Chance looked like he was mentally taking notes. I felt sick.
“You’re a fucking animal, Grimaldi,” Donte said.
Mikey looked to me. “You could’ve had that sweet Violet McNamara. Talk about a cherry ready to be—”
“Fuck off,” I said loudly, earning another death glare from the mom. I lowered my voice. “Don’t talk about Violet like that. She’s cool.”
“Then why’d you bail on her?” His eyes widened as a thought occurred to him. “You tap that ass and it was no good?”
“Dude,” Donte said with a short, embarrassed laugh.
“Or are you tapping her now?” Chance asked. “Is she the mystery chick?”
My skin heated and I struggled to keep my tone even. “There is no mystery. I’ve been concentrating on my college apps.

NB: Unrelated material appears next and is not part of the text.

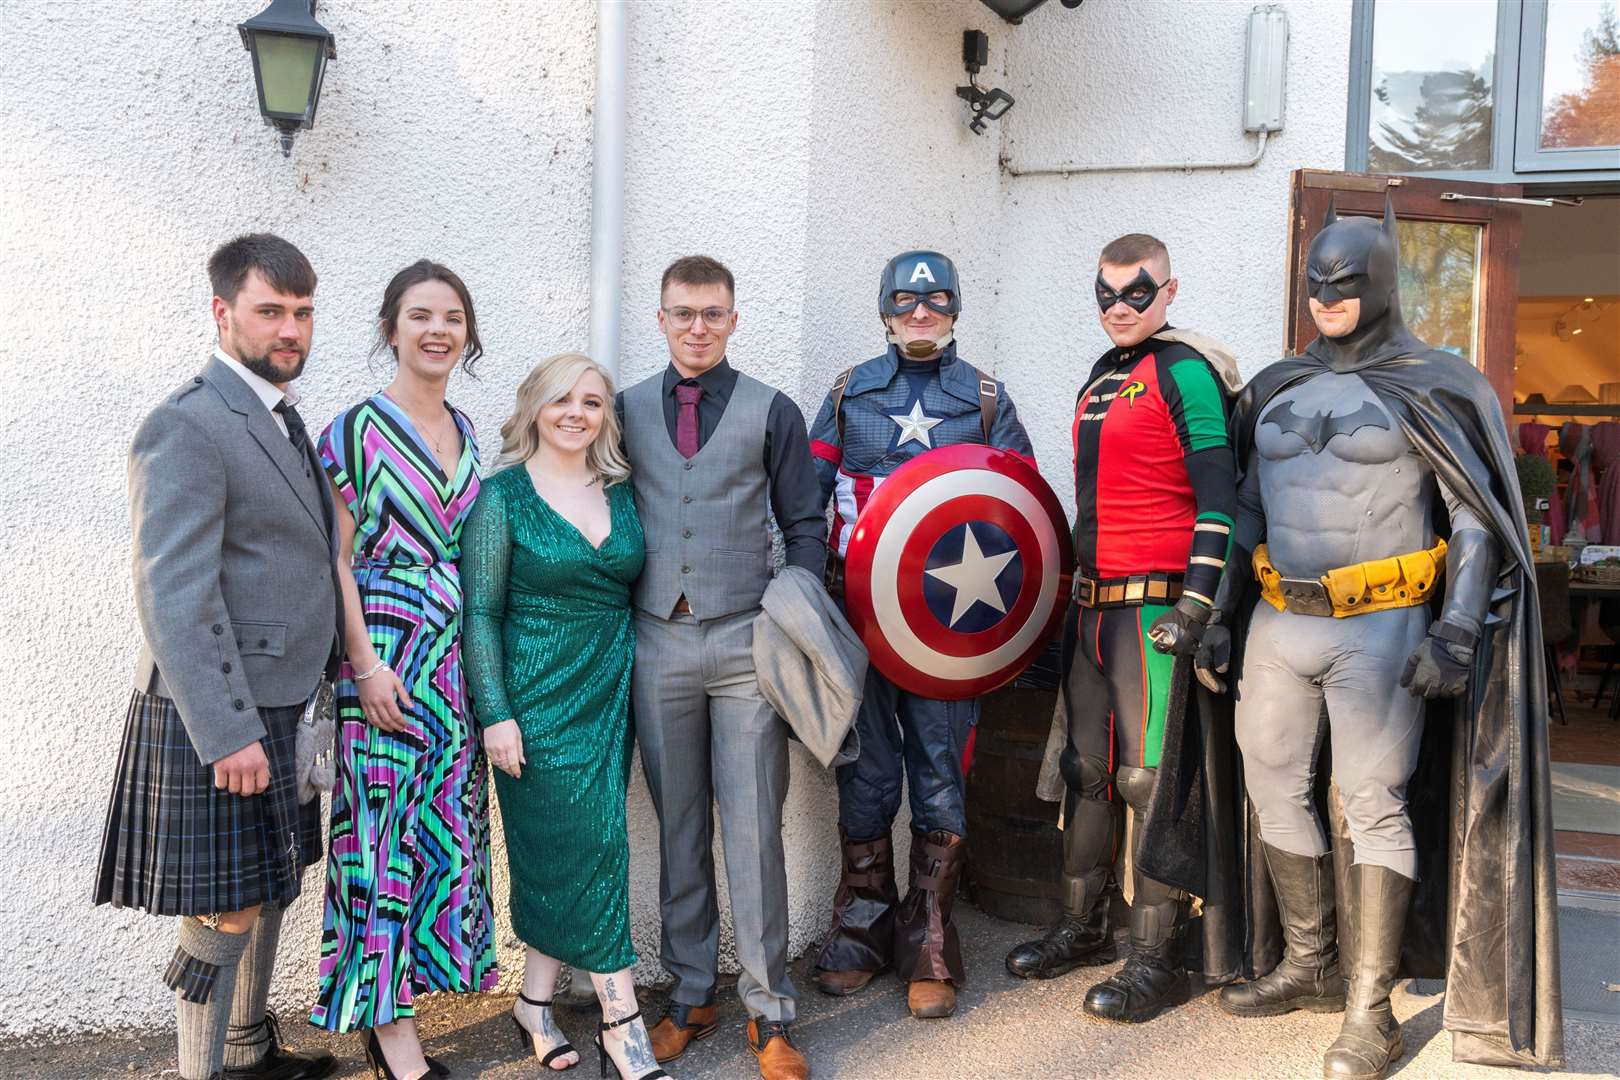 Everyone gets their glam on for the awards night – capes and utility belts are optional! Picture: Beth Taylor

Dad’s riding my ass about putting in for early acceptance.”
Chance snorted. “Like the Big Ten aren’t begging for you, Whitmore.”
“They are,” I said, slipping on my King of the World mask. “We want to see who begs hardest.”
Christ, I was sick of my own bullshit, but the others laughed. Mercifully, the conversation moved on to the playoffs and who was going to the Super Bowl that year while I picked at the remnants of my food.
I imagined the looks on my friends’ faces if I told them it was Holden Parish who was making me hard under the table. How they’d laugh at me. At him. How they’d think I was joking. And when they learned I wasn’t—how they’d been sharing a locker room with me for years—they’d pick me apart like a pack of dogs. We had gay kids on campus, of course, but football was an entirely different game and it was too late for me to suddenly change the rules.
It’s impossible.
My gaze swung out to the restaurant. It was packed, every table filled with moms, dads, kids. I tried to imagine my life ten years from now. Working with Dad at the shop, restoring cars and taking my own family to dinner here. I tried to imagine what that family looked like and couldn’t do it. No wife, but no husband either. Just a blank space.